«Левение» буржуазии и задачи пролетариата
«Левение» буржуазии и задачи пролетариата
Вопрос о «левении» торгово-промышленной буржуазии давно уже не сходит со страниц нашей легальной печати. Отмечено и признано, что октябристская печать от времени до времени регулярно предается воркотне против «аграрной» (читай: крепостнически-помещичьей) Думы и против соответствующей политики царизма. Отмечено и признано, что целый ряд и местных профессиональных и общенациональных организаций торговцев и промышленников, – начиная от провинциальных биржевых комитетов и кончая «Советом съездов представителей торговли и промышленности», – выражает именно в последние годы и особенно в последнее время недовольство помещичьей политикой. Описано московское «братанье миллионов с наукой», сиречь закрытые от публики совещания крупнейших московских и петербургских тузов: Крестовникова, Гужона, Вольского и др., с кадетскими профессорами и писателями: Мануйловым, Струве, Кизеветтером и К. Нечего и говорить, что либеральная печать, вплоть до органов меньшевиков, смакует каждое такое известие и трубит? на тысячи ладов о возрождении и обновлении либерализма.
Пресловутое «левение» буржуазии нашло свое выражение в «политических» шагах царского правительства и в думских выступлениях. Излюбленное лицо российского купечества – и в то же время старая бюрократическая крыса – г. Тимирязев назначен министром торговли и промышленности. 13-го марта он выступил в Думе с большой «программной» речью, – подобные речи министров называются во всех черносотенно-буржуазных и просто буржуазных парламентах мира программными речами исключительно «для ради важности». На деле никакой программы царский министр не изложил, а отделался, как водится, ровно ничего не говорящими любезными кивками по адресу капиталистов, да угрозами по адресу рабочего класса, соединив, конечно, эти угрозы с казенно-лицемерным выражением «сочувствия». 19-го марта это лобызание министра с вождями капитала было повторено в Москве, где Тимирязев и Крестовников обменялись любезными речами в заседании московского биржевого общества. «Россия больна, но при надлежащем уходе болезнь ее не опасна и скоропреходяща», – говорил Крестовников, приветствуя глубокоуважаемого Тимирязева. А Тимирязев, благодаря глубокоуважаемого Крестовникова, выражал от имени правительства благосклонное согласие «ухаживать» за больной посредством испытанных столыпинских средств «переходного времени».

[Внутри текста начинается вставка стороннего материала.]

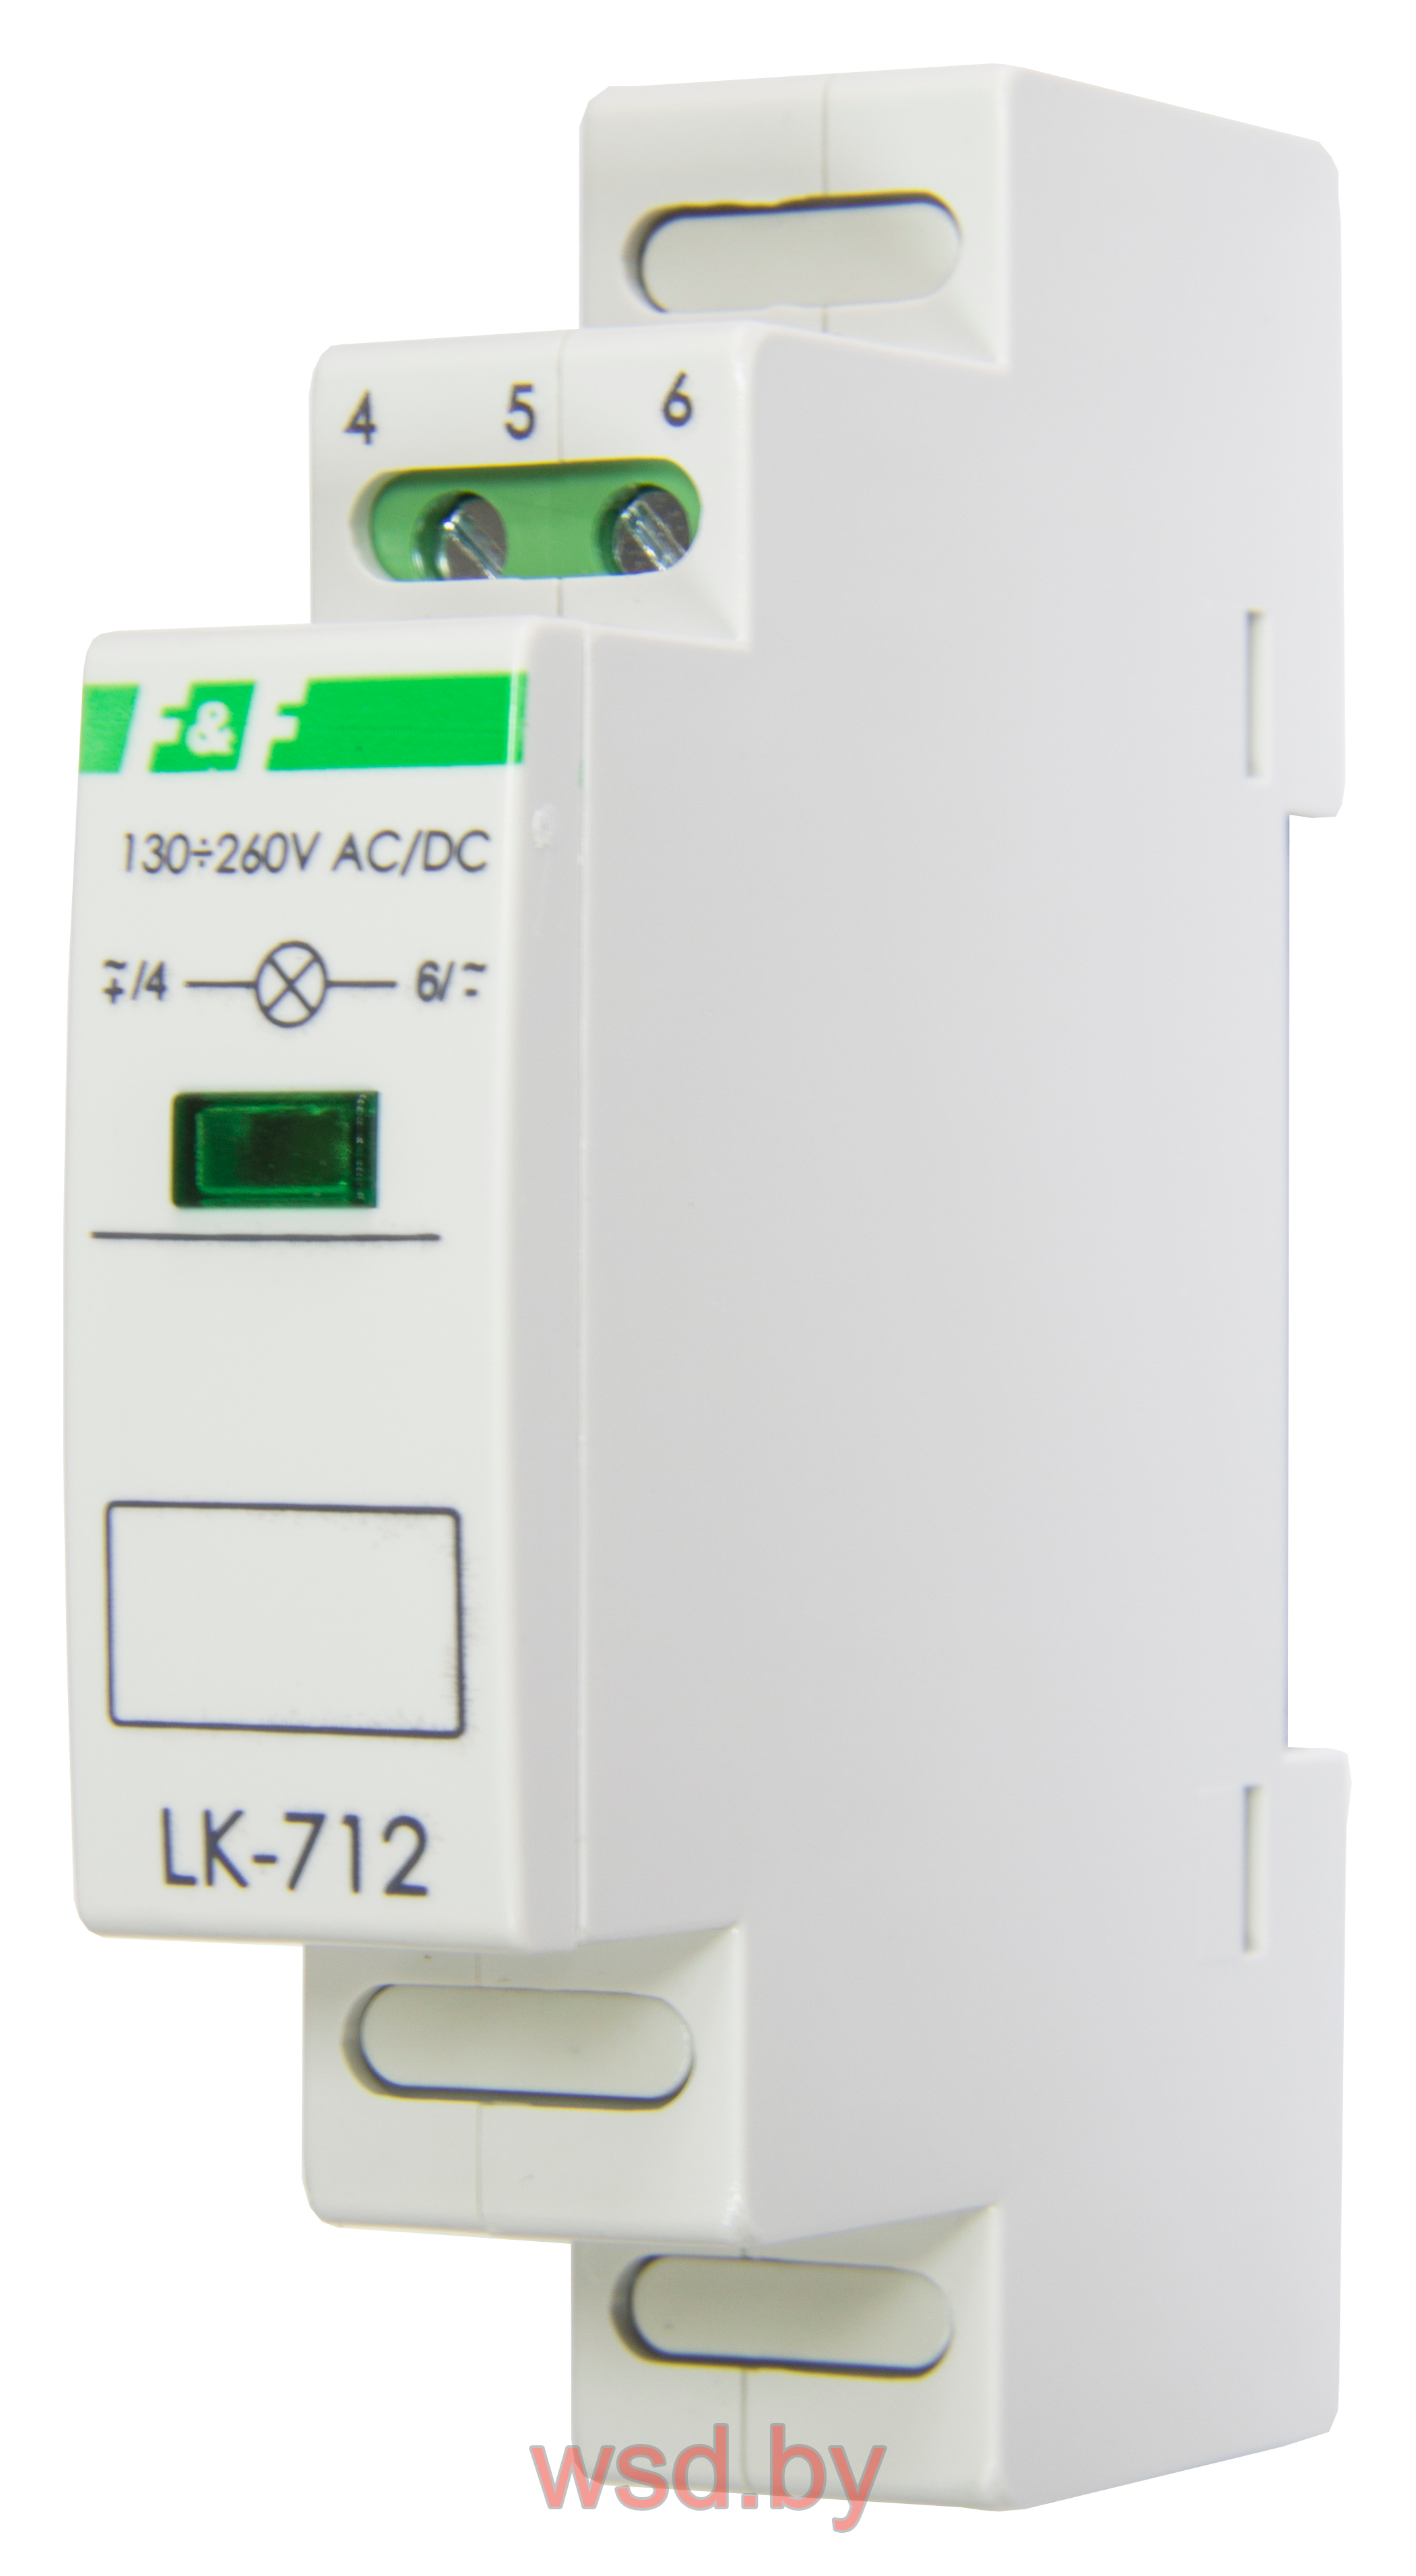 Указатель напряжения LK-712-R-3 сигнализация наличия одной фазы, цвет КРАСНЫЙ,  1 модуль, монтаж на DIN-рейке 30-130 В AC/DC IP20

Спрашивается, какими объективными причинами вызывается это «левение» буржуазии и каково его классовое значение? В журнале «Возрождение»{155} (№ 1–2) т. Мартов с не особенно обычной для этого писателя прямотой и ясностью отвечает на эти вопросы в статье, озаглавленной: ««Левение» буржуазии». «Жизнь показала, – пишет он, – что если экономическое развитие созрело именно для буржуазного преобразования, а буржуазия не может явиться его движущей силой, то это лишь значит, что общественный переворот не может завершиться до тех пор, пока дальнейшее развитие данного класса не сделает его движущей силой». И в другом месте: «Те, кто полагал, что ныне действующая конституция выражает собой более или менее органическое объединение дворянства и буржуазии, как одинаково «контрреволюционных факторов», те могут видеть в явлениях, вроде вышеуказанных» (т. е. в «левении» буржуазии), «лишь частные эпизоды, не стоящие в необходимой связи с основным направлением общественного развития… Эти изолированные явления могут иметь симптоматическое значение лишь в глазах тех, для кого a priori[73] было несомненно, что ход общественного развития неумолимо ведет русскую буржуазию, как класс, к резкому противопоставлению себя режиму… 3 июня».
Сопоставьте с этим заявление «Голоса С.-Д.» № 12:… «мы солидарны и с предложением кавказцев (т. е. Дана, Аксельрода и Семенова на последней конференции РСДРП) говорить о русской монархии не как о «буржуазной», а как о «плутократической», ибо эта поправка отрицает в корне неверное утверждение большевистской резолюции, будто русский царизм начинает выражать классовые интересы буржуазии».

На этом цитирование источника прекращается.